What Does It All Mean?
The key takeaway of this paper is that genealogy databases that allow uploads of DNA files and that have chromosome browsers are a much bigger risk to genetic privacy than previously thought. Precisely how risky is an open question, because the authors did not try to compromise a real database. (Remember, their goal was to alert the genealogy sites to vulnerabilities, not to exploit those weaknesses.) A valid question is whether baiting, which is the most intrusive approach, would work if the matching algorithm ignores occasional mismatches. Unfortunately, most of the companies do not explain their matching protocols in detail.
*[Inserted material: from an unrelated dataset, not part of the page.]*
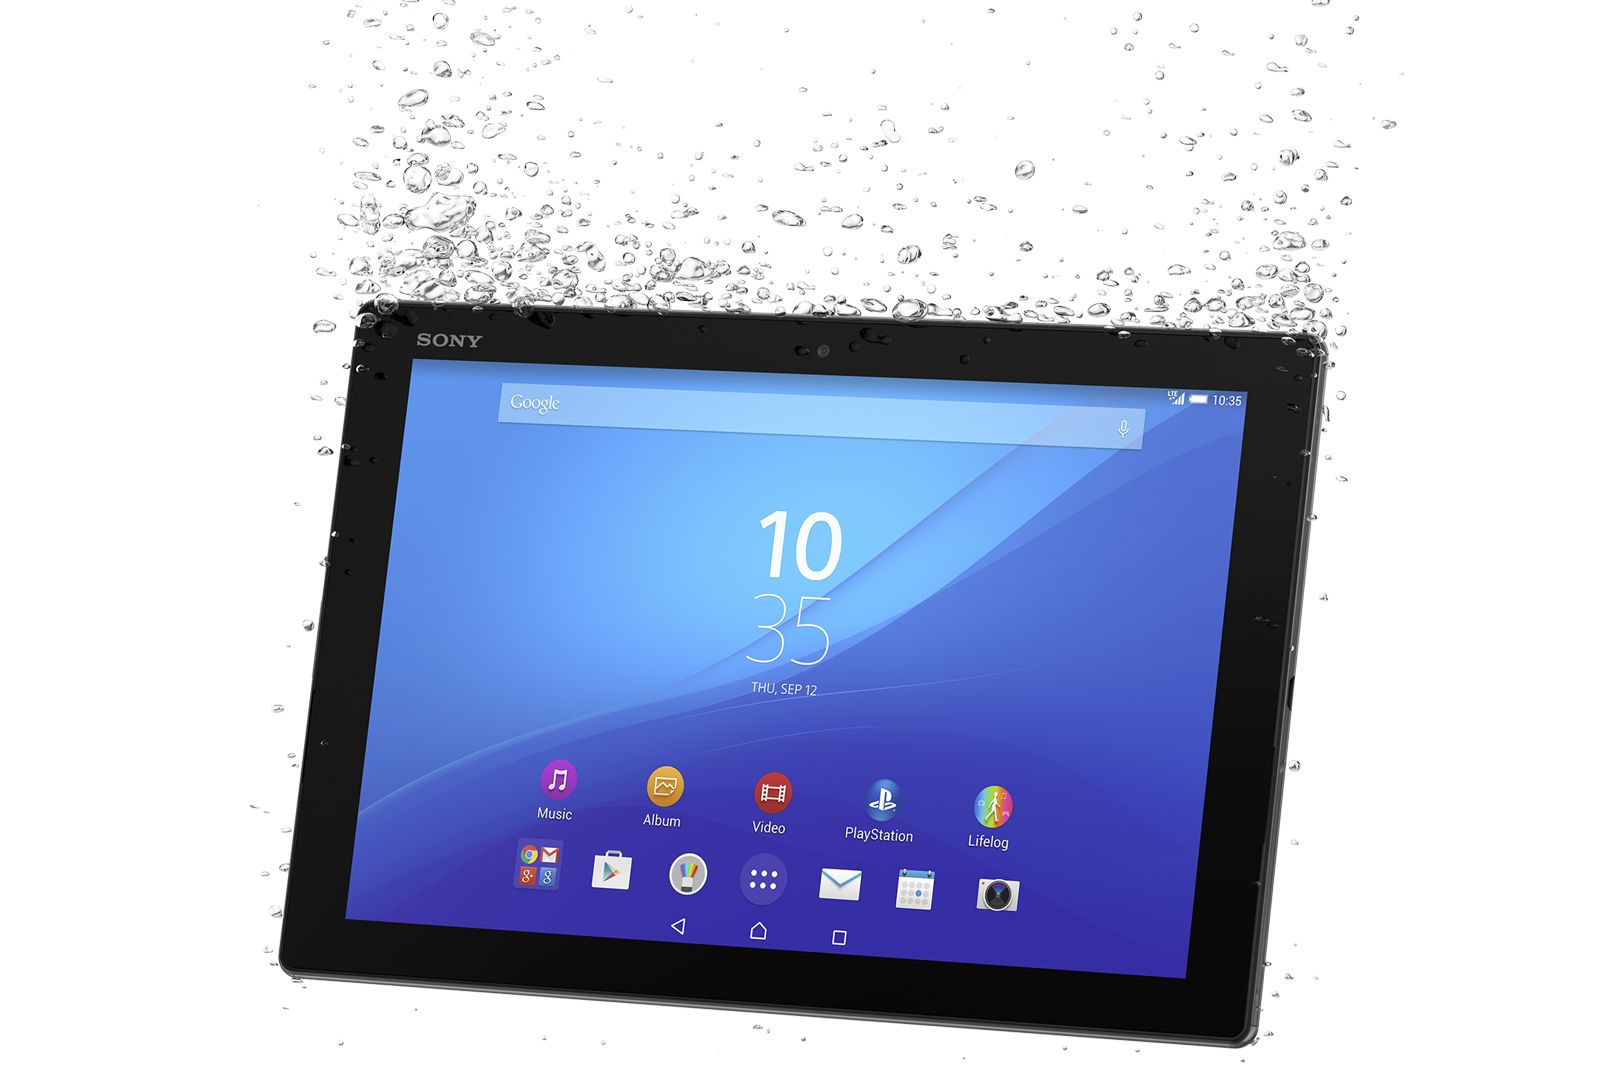 no sony xperia z4 but there is an xperia z4 tablet that wants to replace your laptop image 1

Another reasonable question is: Who would do this? I don’t have a good answer for that since it hasn’t, to our knowledge, happened yet. There have been suspicious uploads to GEDmatch from China that matched Europeans at abnormally high levels (hundreds of centimorgans), although those may have been innocent attempts to generate kits from incompatible technology.
I do believe that if there’s gain to be had, someone will try it eventually.
How the Databases Can Protect Us
Drs Edge and Coop outline ten approaches the databases can take to protect their users. I won’t enumerate them all here. Many would be invisible to the average user, like blocking file uploads that showed signs of manipulation. Some, like phased matching algorithms and ignoring small segments, would even improve the genealogical utility of the databases.
The single most effective protection would be cryptographic signatures, digital security codes to prove that the data files come from authorized sources and have not been altered. For this to work, though, all of the major databases would have cooperate. The two largest testing companies, AncestryDNA and 23andMe, are the least vulnerable to an adversary because they do not accept uploads, yet they would have to invest the most in cryptography for it to work. They would benefit only indirectly, in that cryptographic signatures would increase general trust in DNA testing.
How You Can Protect Yourself
It’s unclear at this time what measures the matching databases have taken to protect their users. For example, one recommendation to mitigate the dangers of IBS tiling, IBS probing, and IBS baiting is to report only matching segments of 8 cM and above, but as of this posting, both Family Tree DNA and GEDmatch still report segments as small as 1 cM. That doesn’t mean they haven’t done anything, of course, because several of the protective measures will not be apparent to users of the database.
To protect yourself, you must first decide how much protection you want. If you are comfortable uploading your raw genetic data to a public database like the Harvard Personal Genome Project, knowing that anyone could download it and re-identify you, then you really have nothing to worry about.
At the other extreme, if you don’t want anyone to know anything about the contents of your genome, then you should test only at sites without a chromosome browser (AncestryDNA or 23andMe, where you can opt out of the browser). There’s no right or wrong answer, and most of us will find ourselves somewhere in between.
The table below summarizes the risks at the main databases. Vulnerabilities are shown in red.
|Database||Accepts Uploads||Chromosome Browser||Minimum Match Threshold||Smallest Matching Segment|
|AncestryDNA||No||No||6 cM||6 cM|
|23andMe||No||Optional||7 cM||5 cM|
|MyHeritage||Yes||Yes||8 cM||6 cM|
|Family Tree DNA||Yes||Yes||7.7 or 9 cM||1 cM|
*The default match threshold at GEDmatch is 7 cM for one-to-many searches, but any kit can be compared directly to any other kit with a minimum segment size of 1 cM.
Updates to This Post
22 October 2019 — Added a link to the FAQ for the paper.